To find out whether the presence of PP1C and PP2AC in the immunoprecipitates correlated with phosphatase activity, we measured PP1 and PP2A activities in ERK immunoprecipitates. Although PP1 and PP2A activities were found in the immunoprecipitates, only PP1 phosphatase activity was significantly increased in diphospho-ERK1 and -2 immunoprecipitates from IGF1-treated cells (179 ± 21%) compared with immunoprecipitates from untreated control cells (100%, p < 0.05; Fig. 2C). On the contrary, PP2A phosphatase activity, although present, underwent no change upon IGF1 treatment in these immunoprecipitates (94 ± 8% from IGF1-treated cells versus 100% of control cells; Fig. 2D). Similar results were obtained when measuring PP1 and PP2A phosphatase activities in ERK2 immunoprecipitates (not shown). For further experiments, only ERK immunoprecipitates obtained with anti-diphospho-ERK1 and -2 antibodies were used.
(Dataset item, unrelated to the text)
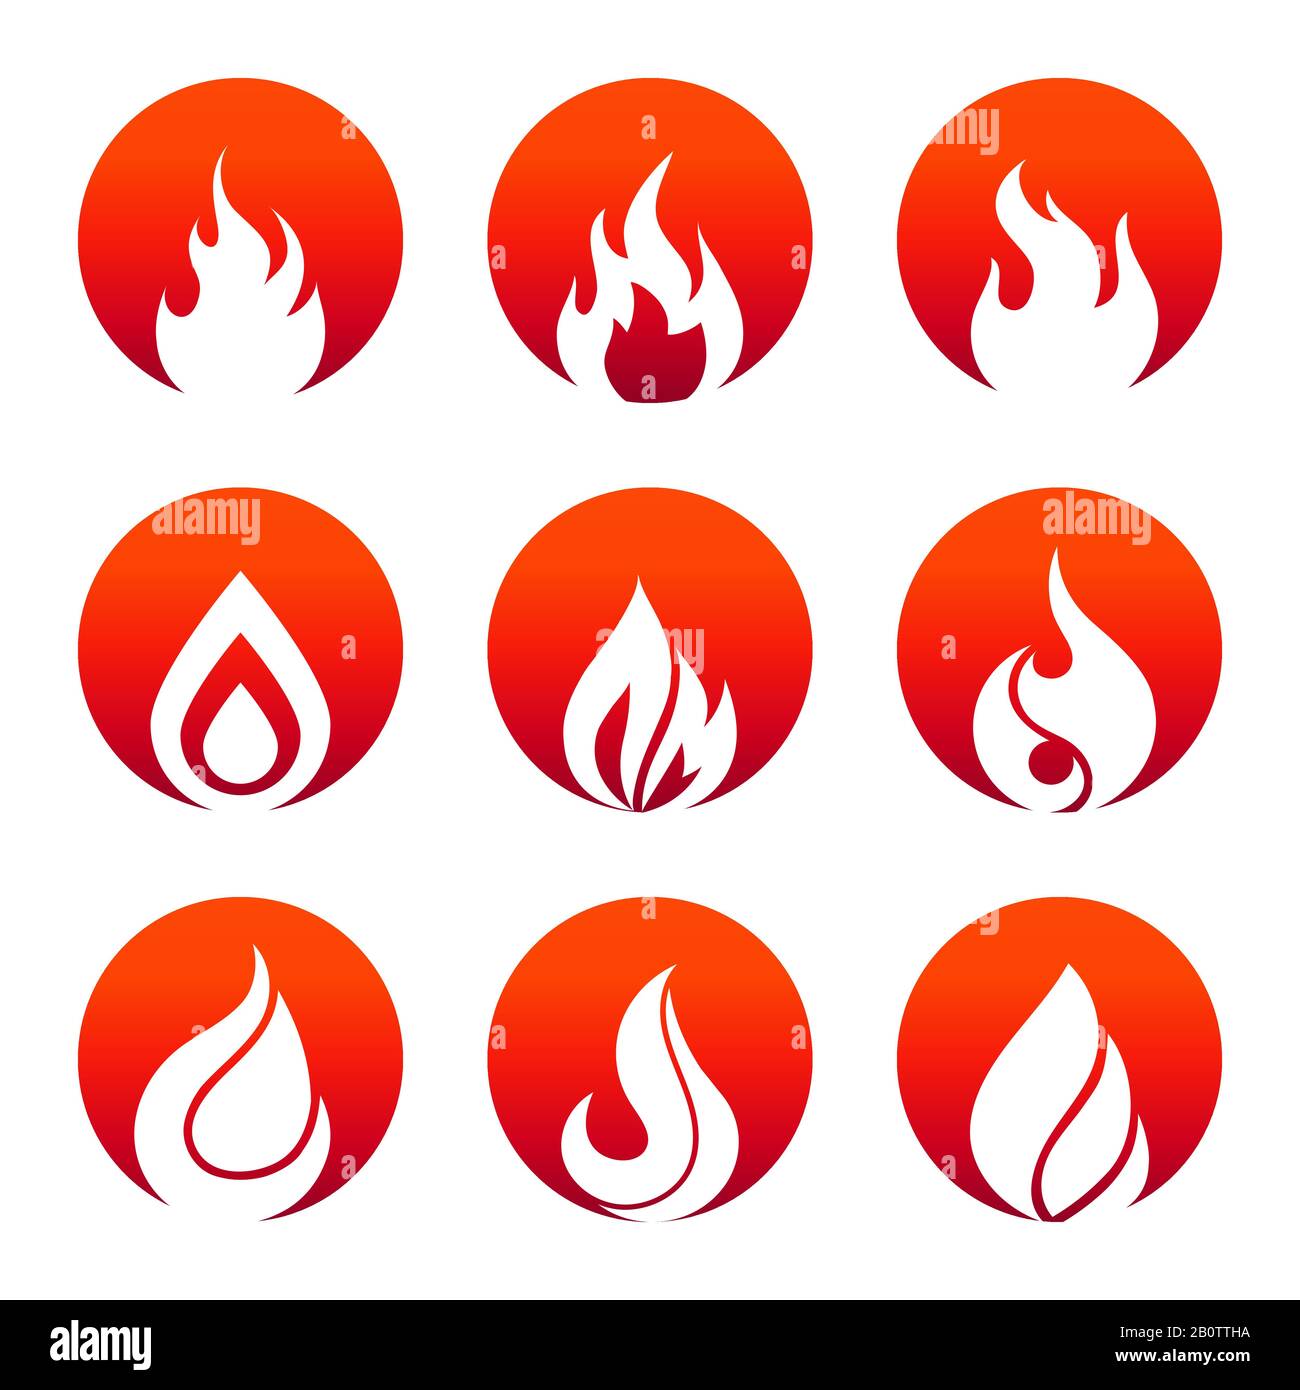 White flat fire icons in red rounds design. Collection of flame sings. Vector illustration Stock Vector

PP1C Associated with Diphosphorylated ERK1 and -2 Activates eIF2B Factor-- To determine whether PP1C associated to ERK1 and -2 MAP kinases was responsible for the eIF2B activation induced by ERK immunoprecipitates, the diphospho-ERK1 and -2 immunoprecipitates from IGF1-treated cells were washed before incubation with eIF2B. When the immunoprecipitates were washed with buffer containing 0.4 M potassium acetate or 1% (v/v) Triton X-100, no changes in eIF2B activation were observed. However, when the immunoprecipitates were washed in more stringent conditions using RIPA buffer, eIF2B activity dropped from 156 ± 2.5 to 114 ± 5.3%, the latter being a value close to that obtained with diphospho-ERK1 and -2 immunoprecipitates from untreated control cells (100%) (Fig. 3A). Western blot analysis of washed diphospho-ERK1 and -2 immunoprecipitates revealed that only RIPA buffer removed PP1C from immunoprecipitates from untreated control and IGF1-treated neurons (Fig. 3B). To further assess the involvement of PP1 in eIF2B activation, the eIF2B assay was performed with the specific PP1 inhibitor I2 (200 nM). I2 blocked the eIF2B activation induced by diphospho-ERK1 and -2 immunoprecipitates from IGF1-treated neurons (104 ± 5.1% versus 100% of untreated control cells; Fig. 3C). Similar results were obtained using another specific PP1 inhibitor, tautomycin (20 nM, not shown). PP1 inhibitors I2 and tautomycin at 100-1000 and 20-100 nM concentrations, respectively, produced no effects on eIF2B activity in the absence of immunoprecipitates (not shown). These findings provide evidence that PP1C, either by itself or by forming a complex with some other regulatory protein, is associated with IGF1-activated MAP kinases (mainly ERK2) and activates eIF2B factor in vitro.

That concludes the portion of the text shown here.